** The problem **
From the listing below, give again exactly the lines from the line with "Maratón al Cole" to the line with "Dicas de como", ends included, without any pictures.

** Supplied data **
====
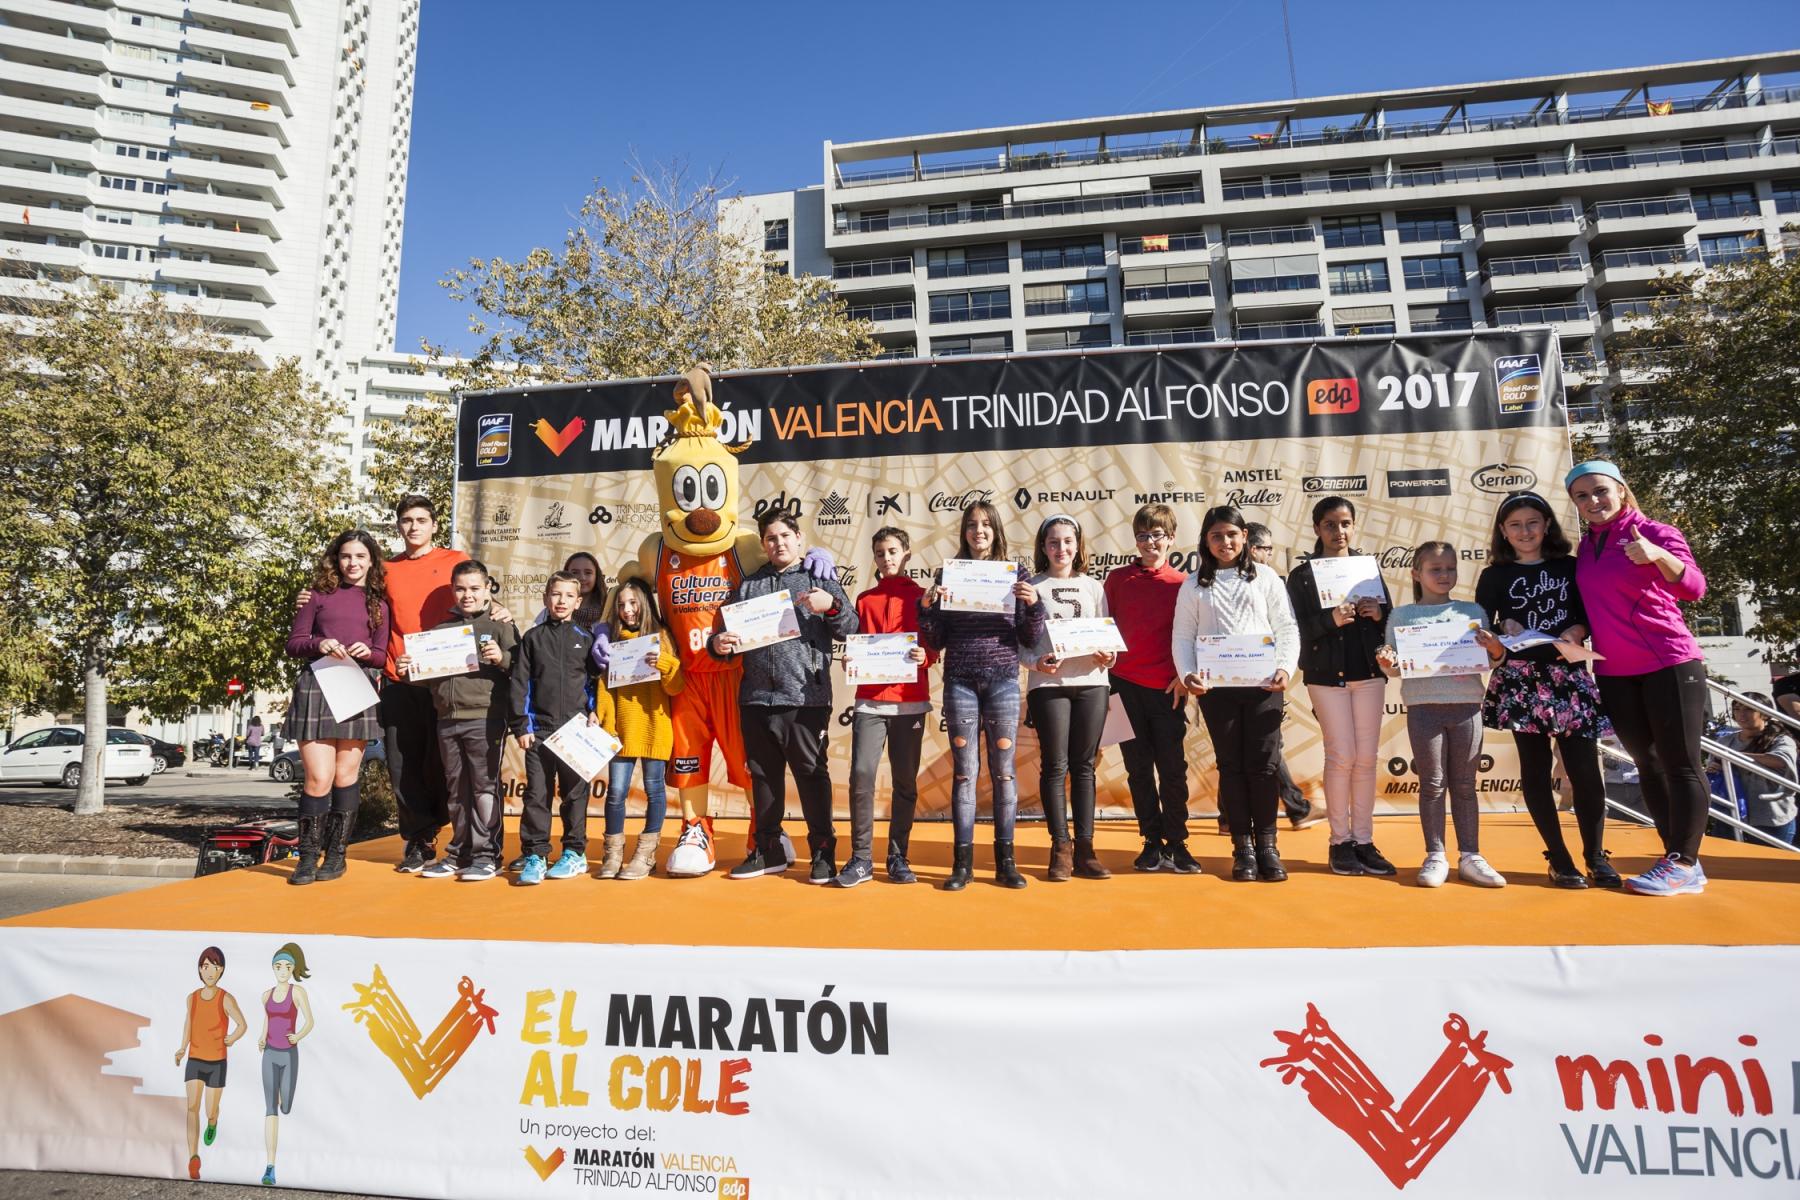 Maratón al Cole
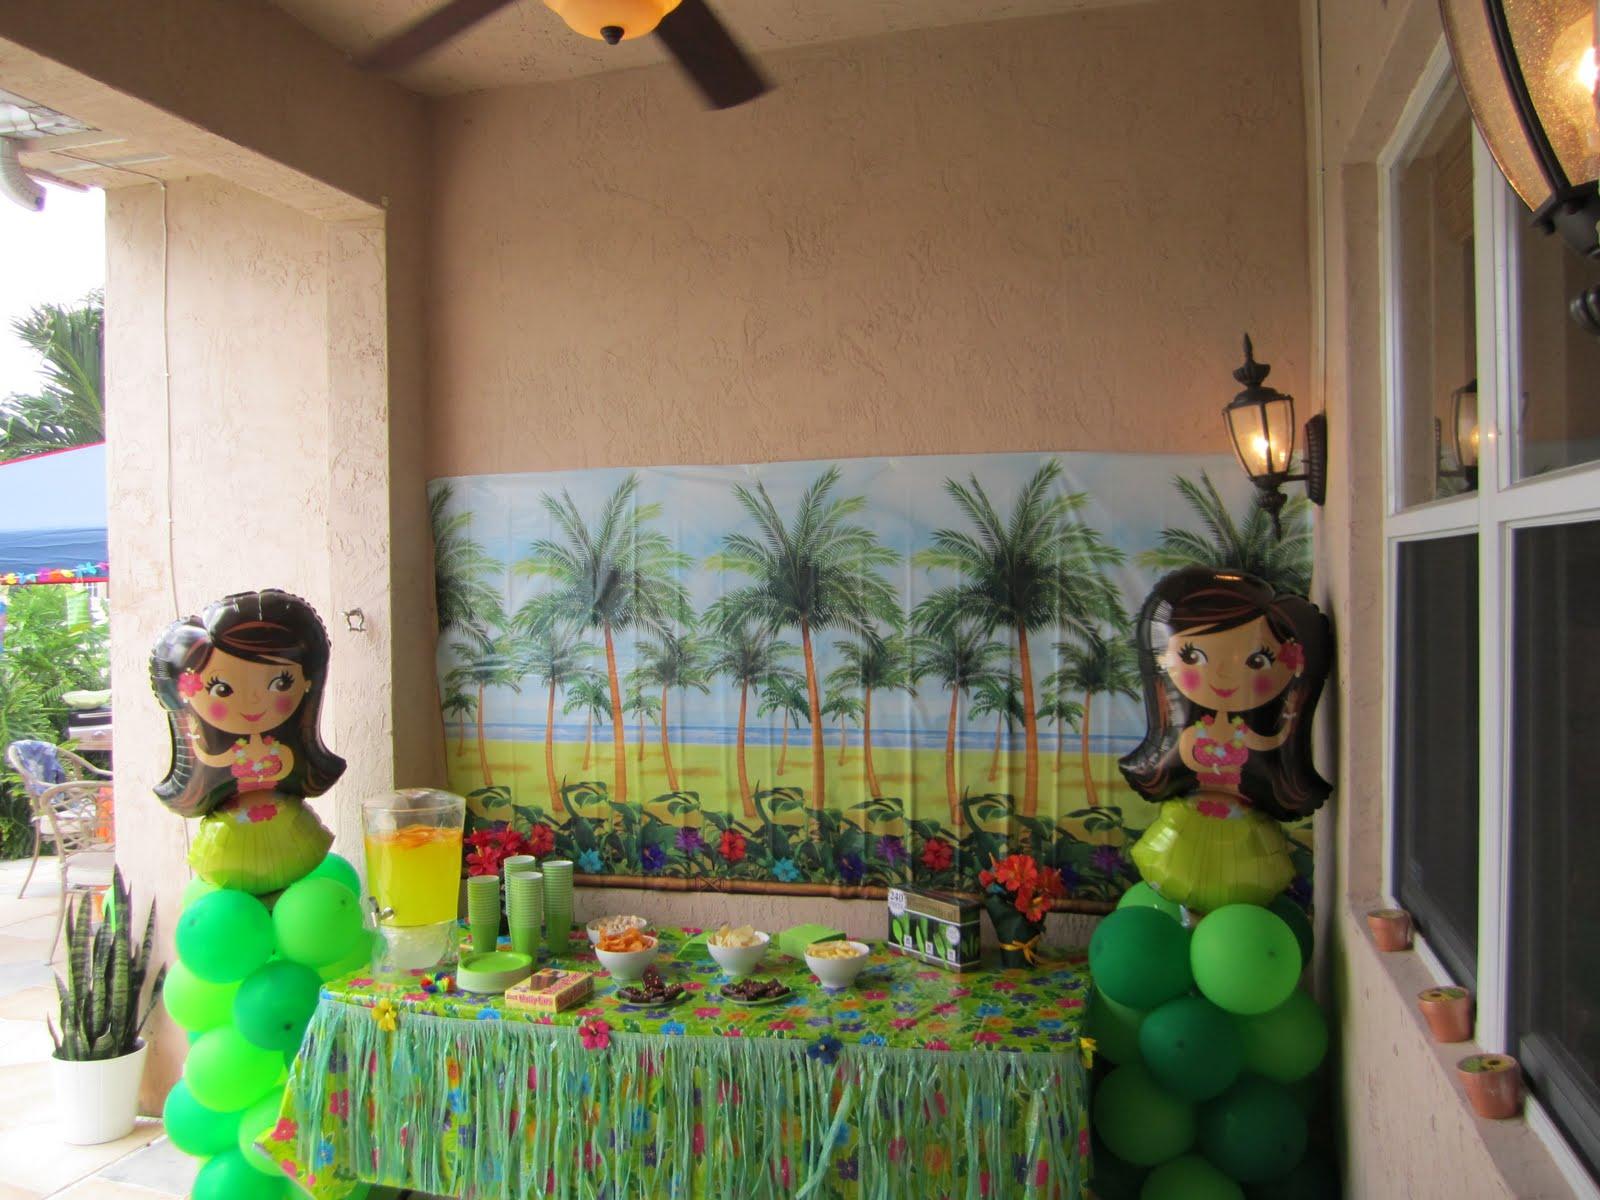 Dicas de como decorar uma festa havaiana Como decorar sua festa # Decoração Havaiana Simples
====
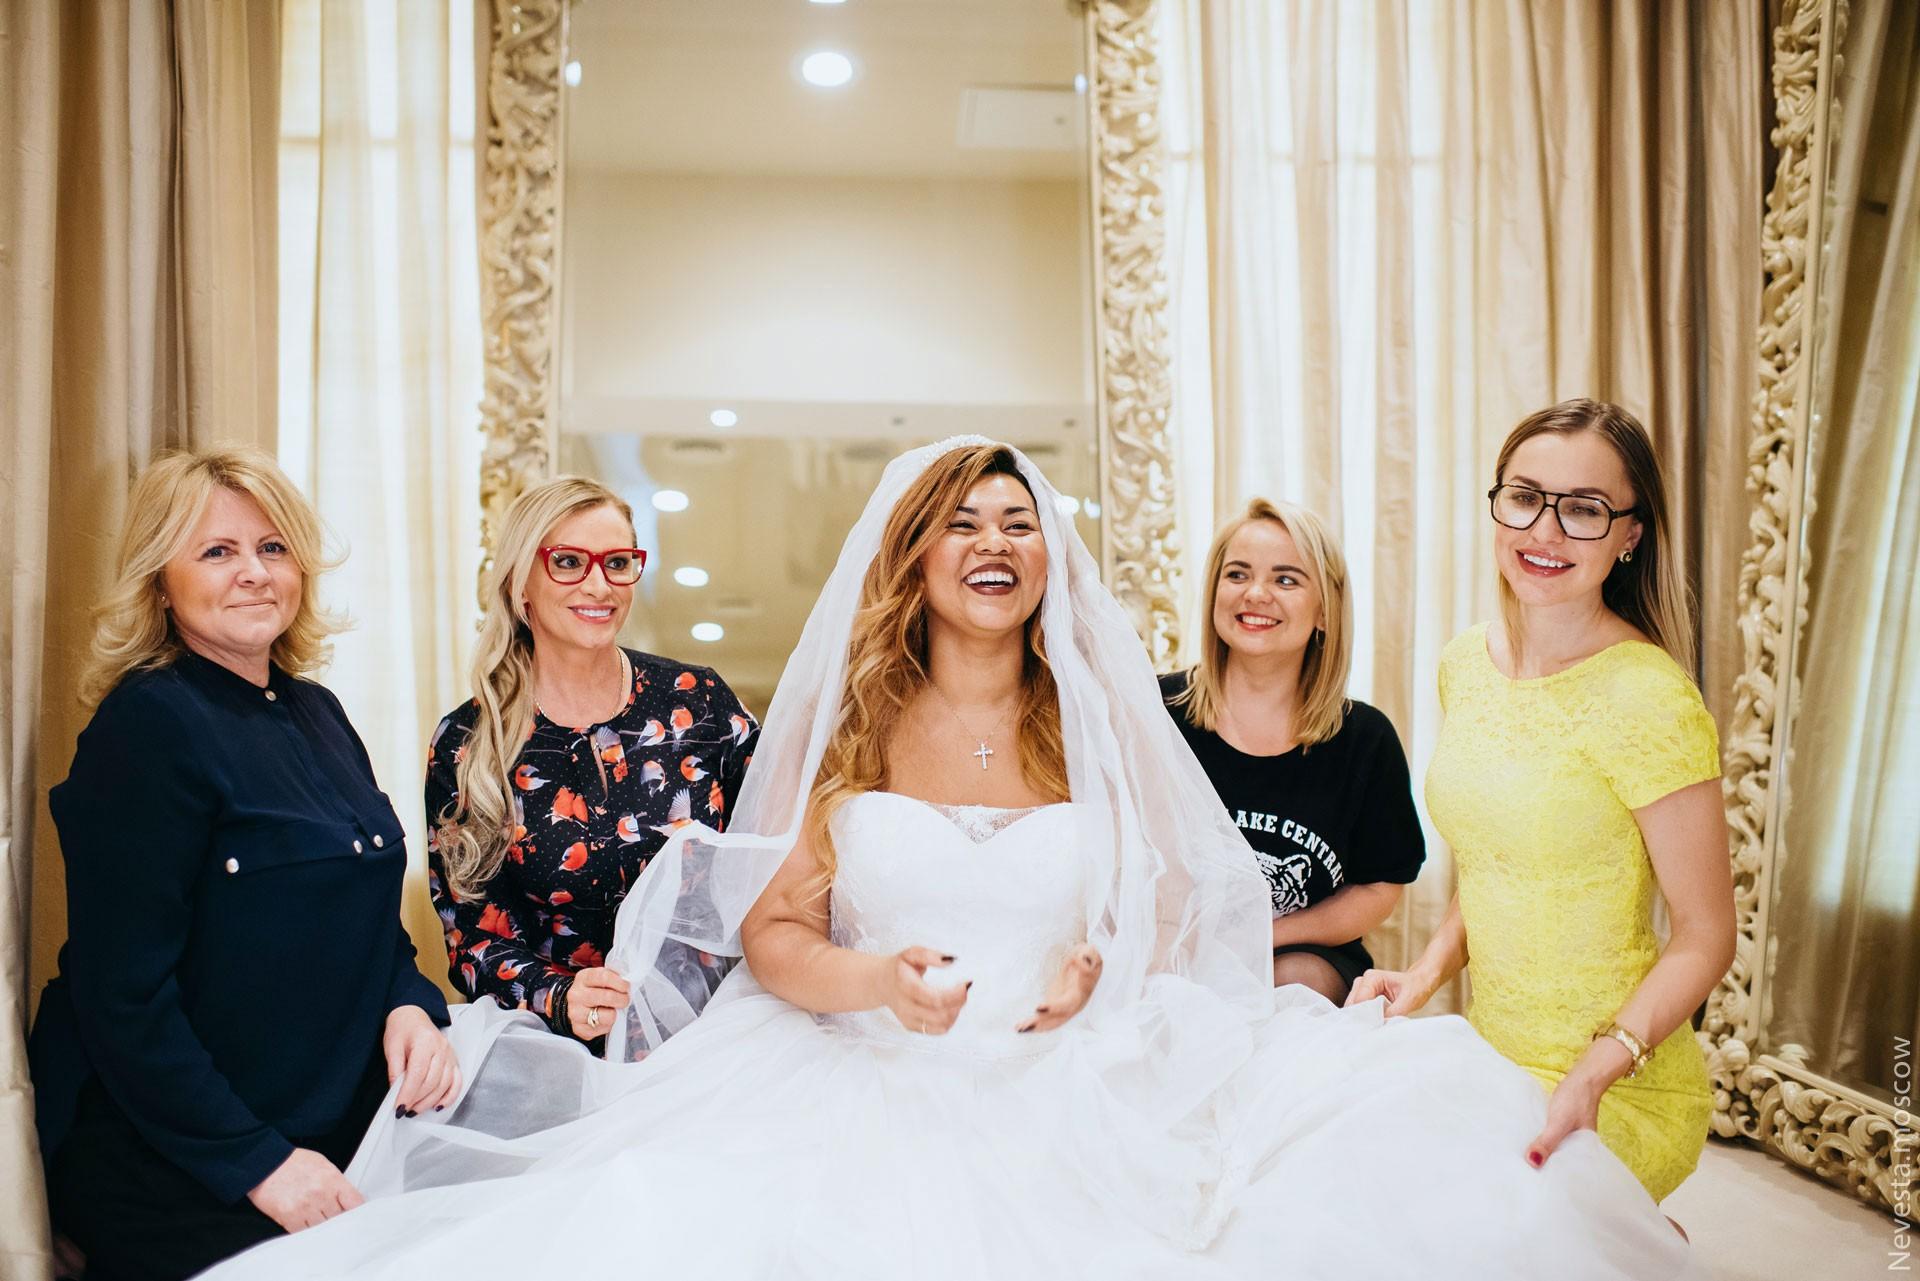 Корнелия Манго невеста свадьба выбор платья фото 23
====
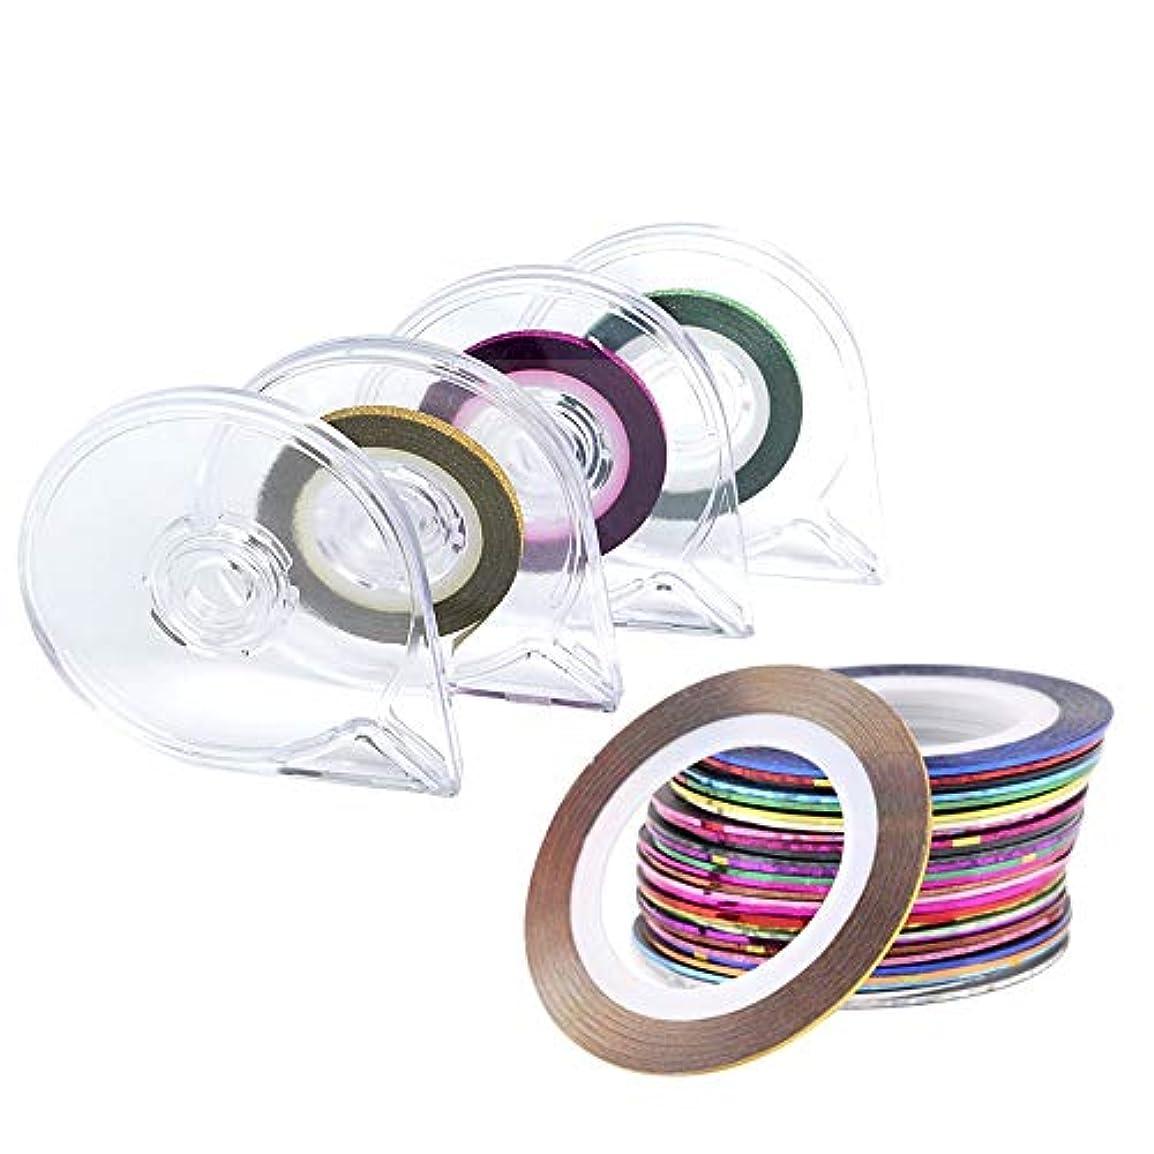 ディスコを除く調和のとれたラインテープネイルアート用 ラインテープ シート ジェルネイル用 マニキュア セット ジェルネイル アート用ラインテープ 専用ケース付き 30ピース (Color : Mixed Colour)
====
** Problem solution **
 Maratón al Cole
 Dicas de como decorar uma festa havaiana Como decorar sua festa # Decoração Havaiana Simples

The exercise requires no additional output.